# Hey everyone



## LilMizTinker (Apr 12, 2003)

Hey everyone. I have just registered on this wicked cat forum. I am 14 years old and have one cat who is beautiful! I will post a picture later in the next few weeks. Suki is 6 months almost 7 months old and very very active. She loves to play in the garden and when your out there with her she runs into a hiding place and pounces on you when your not expecting her to!  She is very affectionate and loving and she is very close to my mum and me. More to my mum. She purrs instanly when she sees my mum. I however am her playmate as she always loves to play when im around! She also sleeps with me at night and she curls right up to me and does that paw thing that cats do!  Anyway this cat forum is great and its nice to be able to talk to people who are also very connected to their cats.


----------



## lexxie109 (Jan 20, 2003)

Welcome to the Cat Forum LilMizTinker and nice to meet you and your kitty. It sure does sound like you have an adorable cat living with you. I can't wait to see some pictures of her!


----------



## LilMizTinker (Apr 12, 2003)

Hey lexxie, Thanx for the welcome. Suki sure is adorable. I will get some pictures for everyone some time soon.!!!!


----------



## don (Feb 26, 2003)

Welcome to the forum you will find this is probably the least wicked cat site around...the perfect place for you. You are probably the youngest and I the oldest members (I will be 70 on my next birthday) For 14 your write an excellent composition...even the spelling and grammer are excellent you probably make A in English...how about math?
I have one cat a dsh named Miss Kitty.
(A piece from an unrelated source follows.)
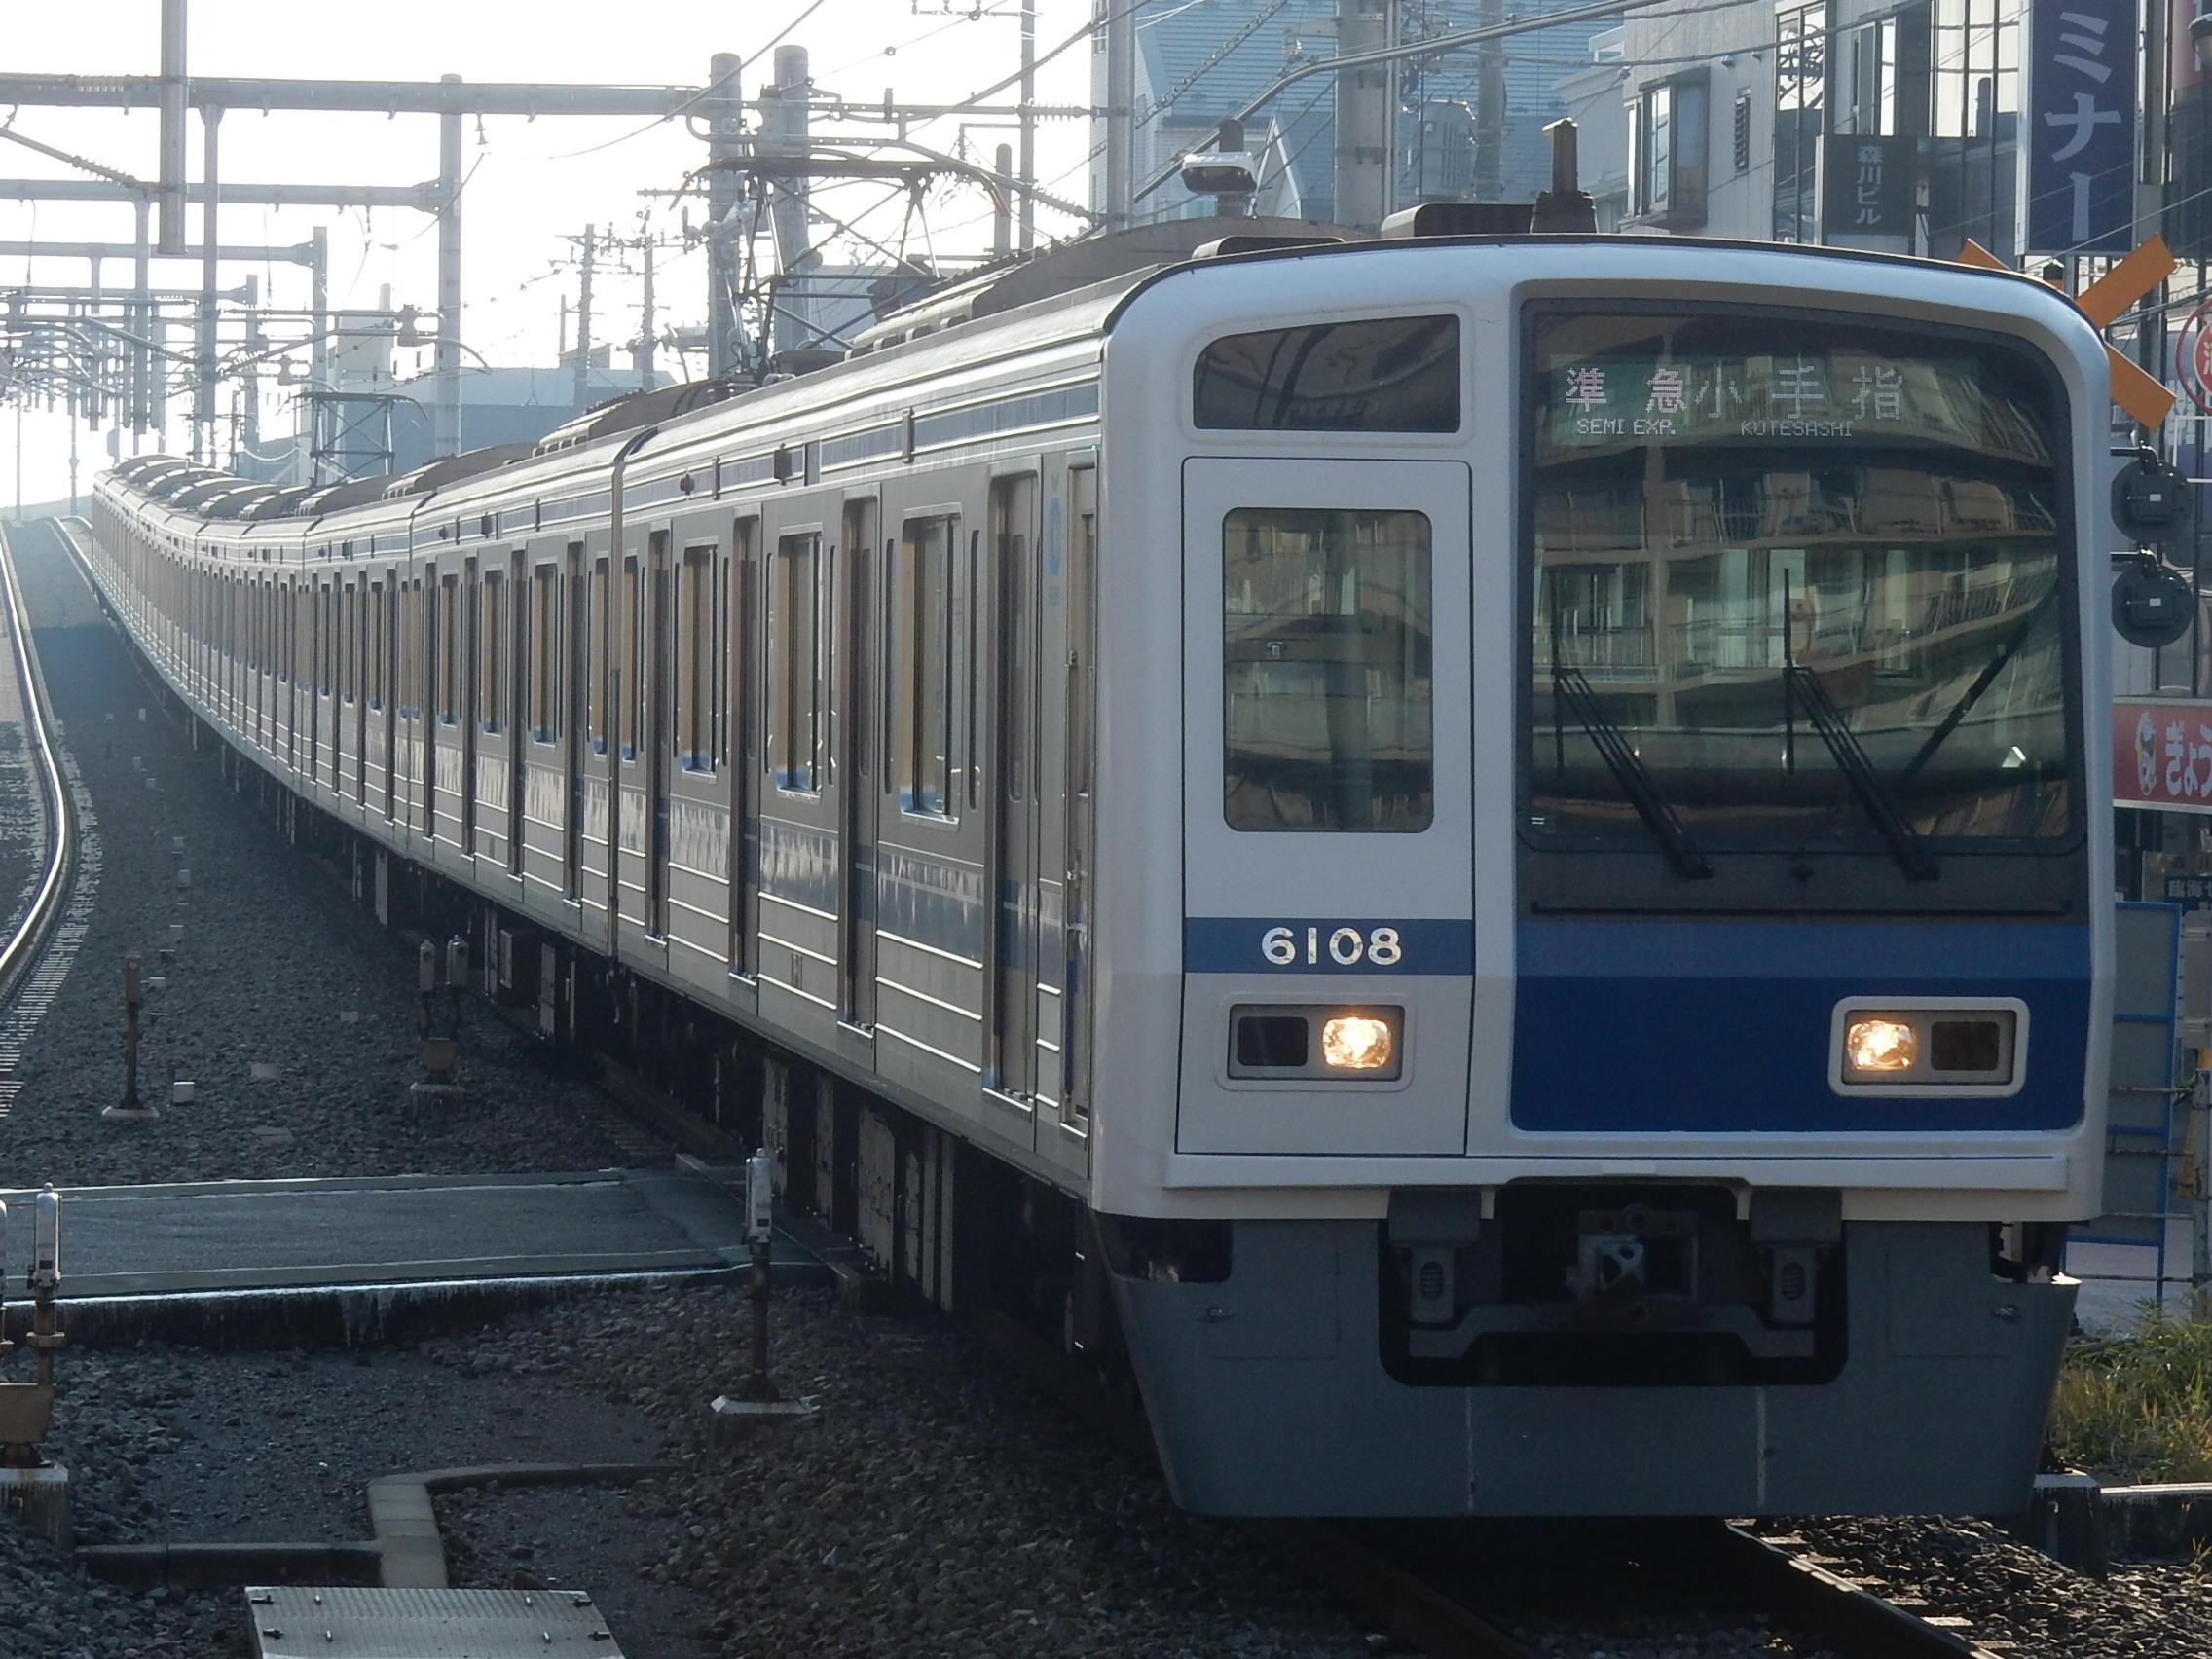 RSCN0765.jpg

She is a lot of company to me especially now that I am retired. I will post a link to an album of pictures of her. Don n Miss Kitty n Lauren (Lauren is my adopted granddaughter also a cat person but not a member of the forum)


----------



## LilMizTinker (Apr 12, 2003)

Thanx for the welcome Don! yes and no to an A in english and definately not an A in maths! I have just always been good at spelling and stuff like that as i have had my computer to practise on. Thanx for the welcome and i'm sure your cat is realy sweet.


----------



## Bengalsownme (Feb 26, 2003)

Hello LilMizTinker! Welcome!


----------